GCSEs: Heads worried for their jobs after huge drop in maths results

20th August 2015 at 10:12
picture of GCSE exam hall

Headteachers fear for their jobs after some schools saw huge drops in their maths GCSE results, their representatives warned today.

The ASCL heads’ union, said it had heard from “significant” numbers of schools that had experienced large unexpected drops of up to 20 percentage points in the proportion of pupils achieving A*-C grades in GCSE maths.

“They are mystified, they are concerned about it,” said Brian Lightman, ASCL general secretary. “With the accountability system as fierce as it is at the moment this is a threat to people’s jobs. This is what schools are held to account for.”

The concerns are focused on the Edexcel maths GCSE, taken by most students in England. Heads leaders say the problems could be connected to the exam paper that contained a now-infamous question about “Hannah’s Sweets”.

It sparked a media storm this summer when students took to Twitter complaining that it was too difficult.

But Lesley Davies, from Edexcel, said: “Students can be assured that whatever their performance was on the day their grade in the paper reflects that performance.”

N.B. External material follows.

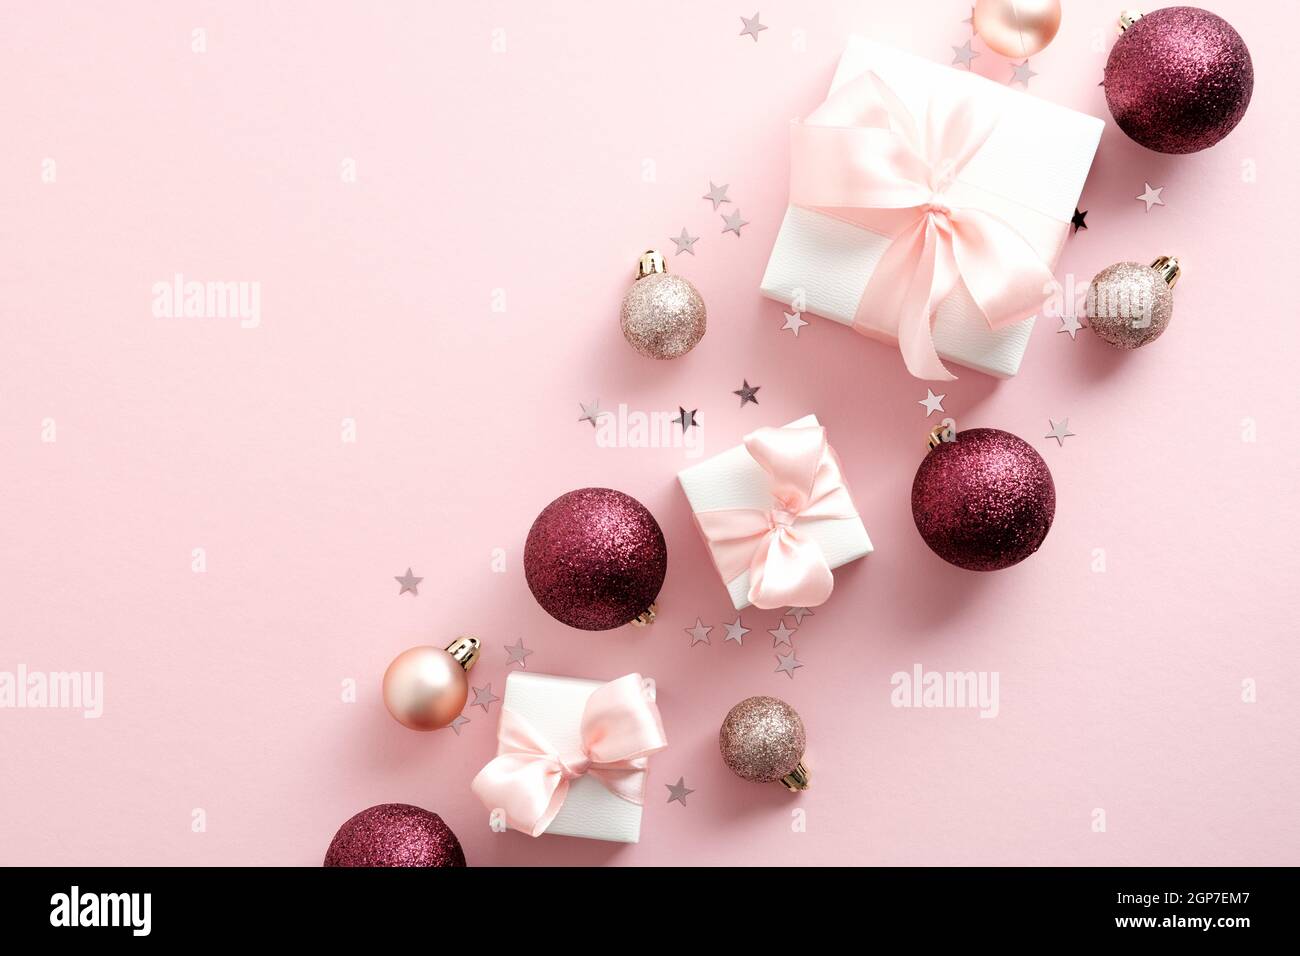 Với hình nền Giáng sinh màu hồng này, bạn sẽ được đắm mình trong không khí lễ hội cùng màu sắc ngọt ngào, tươi sáng và rực rỡ. Được thiết kế đầy tình yêu và sự chăm sóc, đây chắc chắn là một lựa chọn hoàn hảo cho bất kỳ ai đang tìm kiếm một món quà Giáng sinh đầy ý nghĩa.

The problems appear to be centred on particular schools. Overall, this year's GCSE results saw the proportion of pupils acheiving A*-C grades in maths rise from 62.4 to 63.3 per cent.

A statement from Pearson, which runs the Edexcel exam board, said: “Hannah's Sweets was a ‘high’ demand question worth 6 out of 100 marks. It was the 7th hardest question on the paper (there were six other questions that differentiated the top students' performance to a greater extent).”

It added that Pearson has raised the C grade boundary on its higher tier papers, including the paper that included the Hannah’s sweets question. It said this was because “questions targeted at grade C on higher tier papers were more accessible so candidates at this ability level were able to pick up more marks.”

However, it has also lowered the grade boundary for A and A* grades on higher tier papers. This was because “both papers were less accessible at the top end for A/A* candidates,” the statement said.